Numerical Investigation of Flow Separation Control over Rotor Blades Using Plasma Actuator

Abstract

The flow separation control over rotating rotor blades in hover using an alternating current dielectric barrier discharge (AC-DBD) plasma actuator is investigated through numerical simulation, possibly for the first time. Three-dimensional unsteady Reynolds-averaged Navier–Stokes calculation with a Reynolds stress turbulence model is adopted to resolve the airflow. The impact of the AC-DBD plasma discharge on the airflow is modeled by an empirical body force model. The objective of this work is to characterize the separated flow over the rotating blades, resolve the flow control procedure, reveal the flow control mechanism, and evaluate the control authority.

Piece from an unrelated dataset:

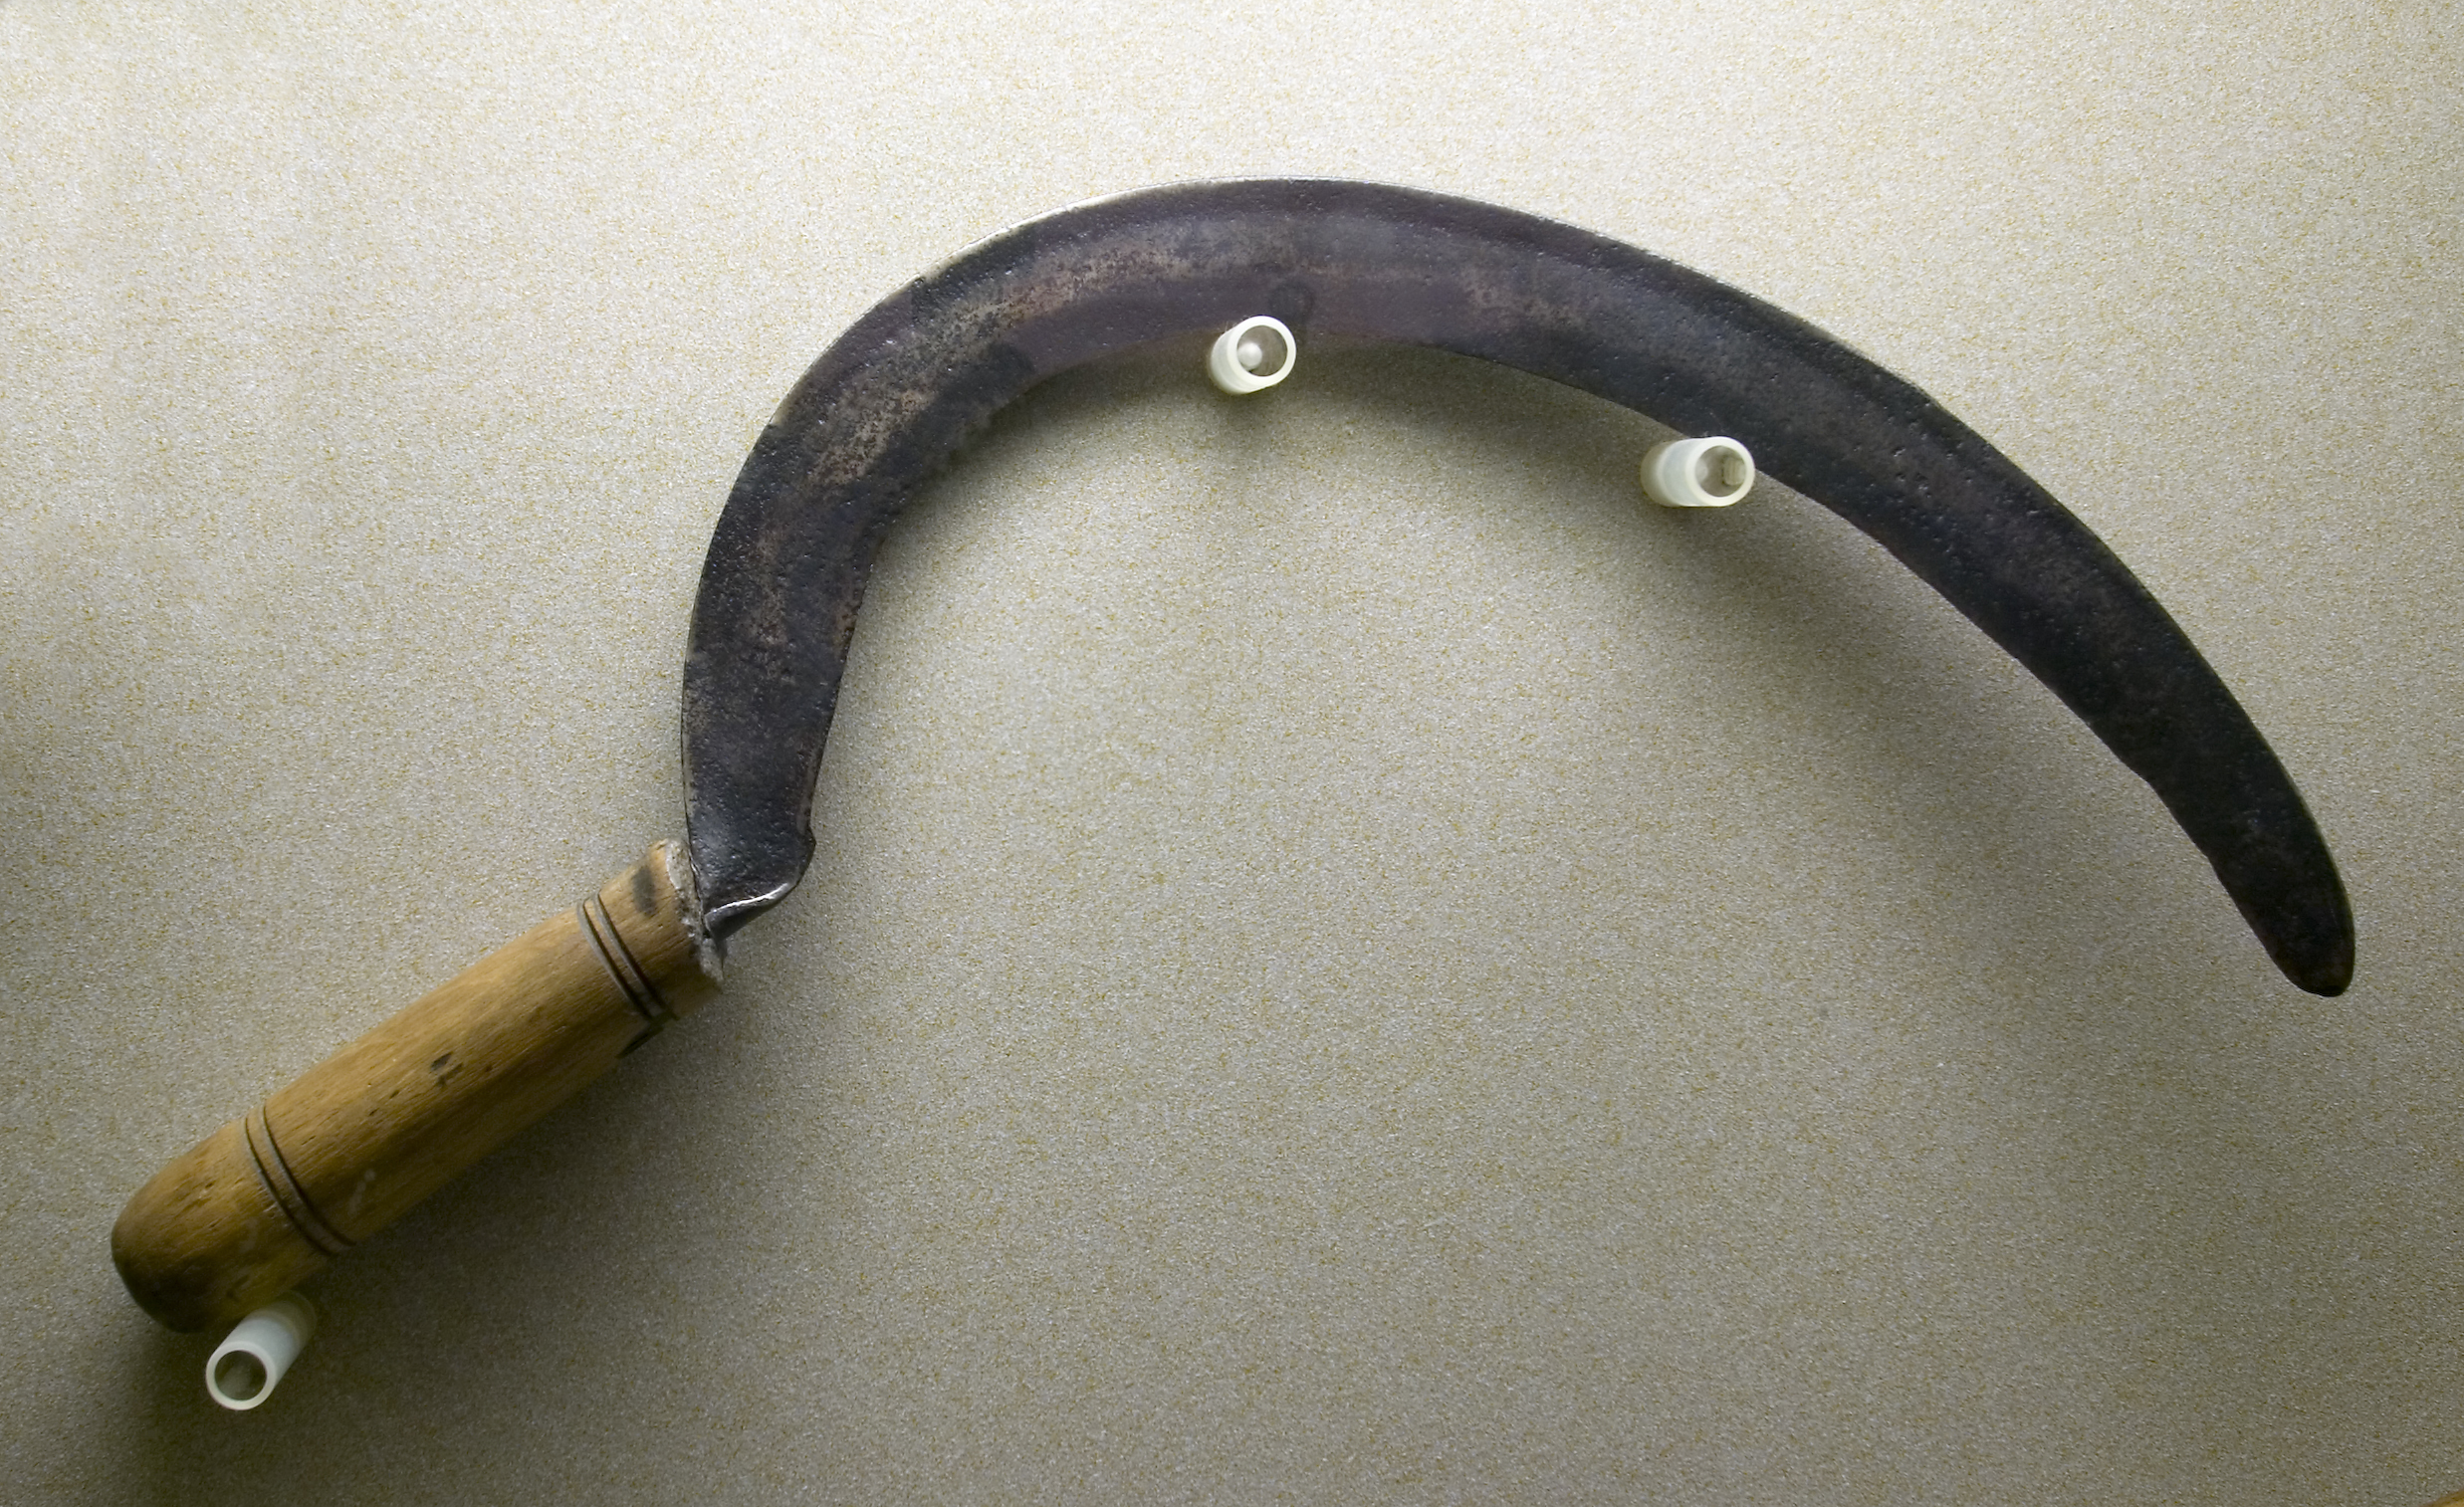 Sickle or reaping hook used to hand harvest cereal crops

Compared with the experiment, the numerical simulation can provide satisfactory predictions of the baseline flow over the rotor for the qualitative flow pattern and quantitative aerodynamic features. The good agreement between the simulation and experiment lends credibility to the observations made from the numerical result. It is found that in the baseline flow, the flow separation occurs in the vicinity of the blade tips and exhibits strong three-dimensional characteristics under the influence of centrifugal force. The plasma excitation can significantly inhibit the flow separation over the blades at large angles of attack (AOAs). The flow control is seen to be dominated by the spanwise vortices induced by the plasma discharges, for which the strong entrainment effect makes the separated flow fully or partially reattach to the blade surfaces. The resulting forced flow pattern is influenced by the AOA of the blades. At each high AOA under consideration, the controlled flow is a significant improvement over the baseline case, and the aerodynamic characteristics of the rotor blades are appreciably enhanced.